Limitations & Future Work¶

Experimental Data Presentation: The HTML version of the paper truncates parts of the experimental section; detailed offline benchmark data is not fully presented.
Domain Specificity: Designed for FinTech complaints; migration to other domains requires adjusting routing knowledge bases and denoising strategies.
LLM Dependency: Core purity checks and merging rely on LLMs (Kimi-K2), which may face latency fluctuations and cost issues.
Cold Start Problem: System performance may degrade in new business domains lacking historical incidents and keyword knowledge.
Multilingual Scenarios: While complaints may be multilingual, the paper does not explicitly discuss multilingual support.

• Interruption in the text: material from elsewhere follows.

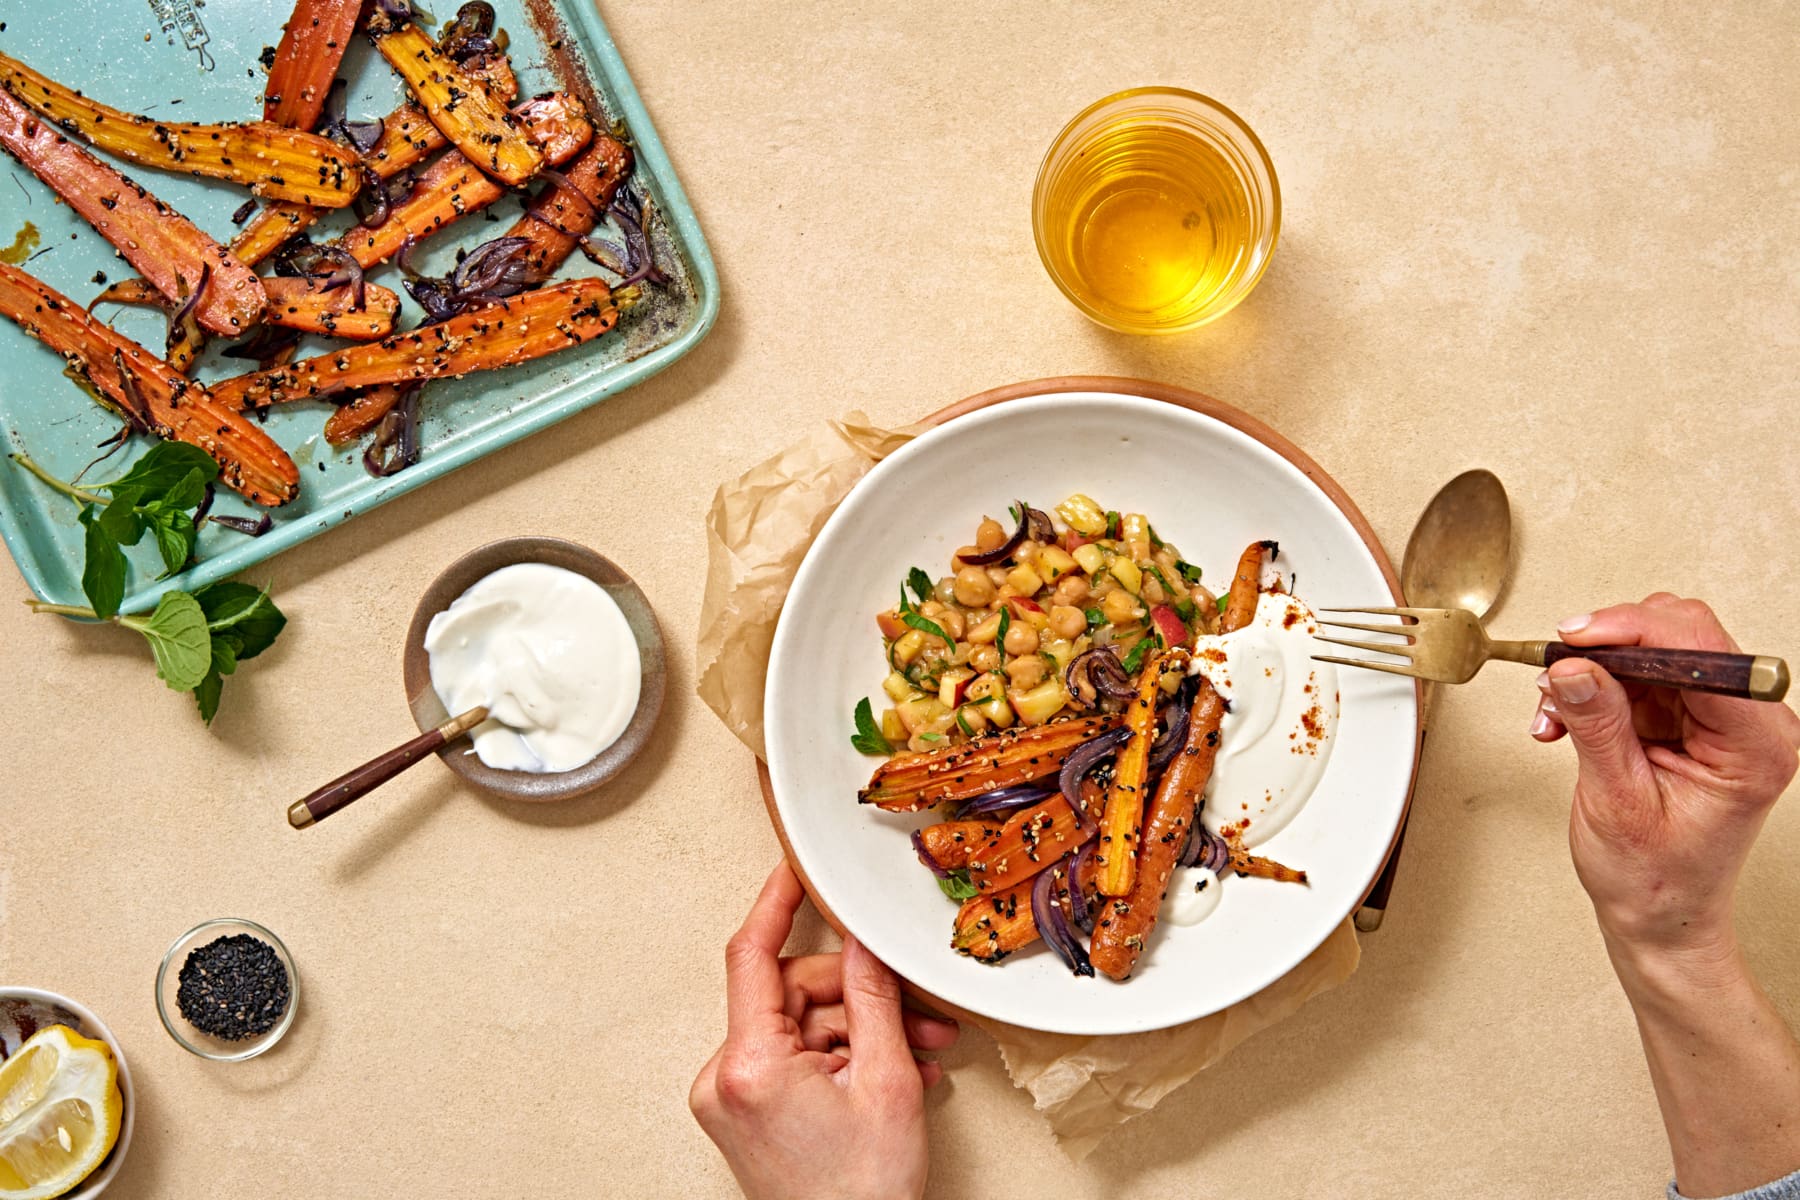 Karamelisierte Karotten mit Kichererbsen - so lecker kann die kulinarische Zukunft aussehen.

BGE-M3 (2024): The embedding and reranker model used for high-quality multilingual semantic representation.
Qwen3-8B (2025): The LLM used for semantic distillation, balancing quality and inference cost.
Kimi-K2 (2025): Used for high-quality reasoning in purity checks and merging decisions.
LSH (Locality-Sensitive Hashing): A classic approximate nearest neighbor algorithm used here for high-speed pre-clustering.

Rating¶

Novelty: ⭐⭐⭐ — Integrates existing technologies; innovation lies in engineering integration and modular synergy.
Experimental Thoroughness: ⭐⭐⭐ — Deployment data proves feasibility, but offline comparative details are incomplete.
Writing Quality: ⭐⭐⭐⭐ — Clear architecture and module relationships; practical cases enhance readability.
Value: ⭐⭐⭐⭐ — Strong reference value for enterprise LLM application systems and real-time stream processing.